Things Merely Are Philosophy in the Poetry of Wallace Stevens

By Simon Critchley Copyright 2005
    152 Pages
    by Routledge

    152 Pages
    by Routledge

    This book is an invitation to read poetry. Simon Critchley argues that poetry enlarges life with a range of observation, power of expression and attention to language that eclipses any other medium. In a rich engagement with the poetry of Wallace Stevens, Critchley reveals that poetry also contains deep and important philosophical insight. Above all, he agues for a 'poetic epistemology' that enables us to think afresh the philosophical problem of the relation between mind and world, and ultimately to cast the problem away.
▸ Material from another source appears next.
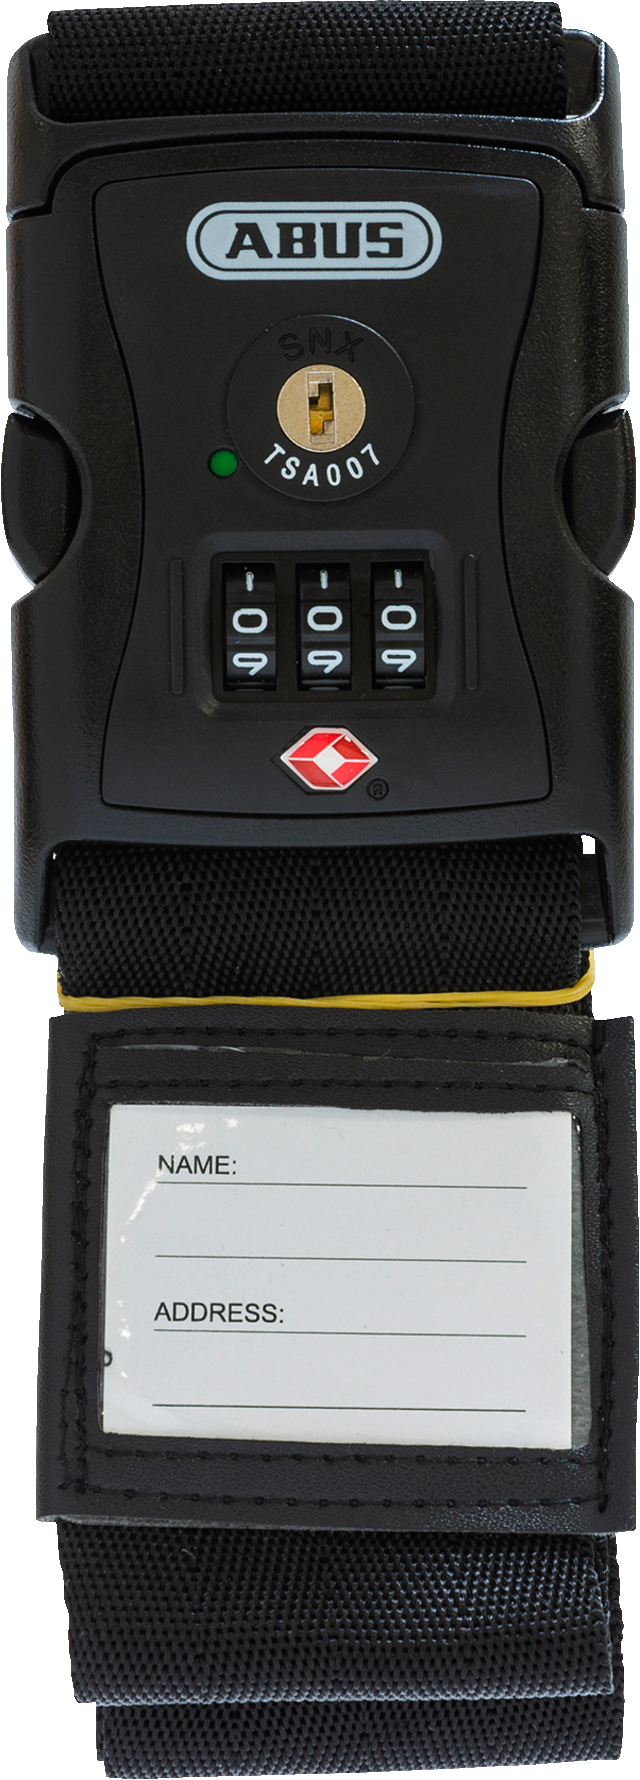 Kofferband 620TSA/192 schwarz luggage strap lock

    Drawing astutely on Kant, the German and English Romantics and Heidegger, Critchley argues that through its descriptions of particular things and their stubborn plainness - whether water, guitars, trees, or cats - poetry evokes the 'mereness' of things. It is this experience, he shows, that provokes the mood of calm and releases the imaginative insight we need to press back against the pressure of reality. Critchley also argues that this calm defines the cinematic eye of Terrence Malick, whose work is discussed at the end of the book.

    Acknowledgements, Abbreviations of works by Wallace Stevens, Advice to the reader, 1. Or so we say – twenty-one propositions, 2. Poetry, philosophy and life as it is, 3. Sudden rightnesses, 4. Wallace Stevens’s intimidating thesis, 5. The twofold task of poetry, 6. The thing itself and its seasons, Conclusion, Afterword: Calm – on Terrence Malick, Thanks, Notes, Bibliography, Index

    Biography

    Simon Critchley is Professor of Philosophy at the New School for Social Research, New York and at the University of Essex. He is the author of many books, including Very Little ... Almost Nothing and On Humour, both published by Routledge.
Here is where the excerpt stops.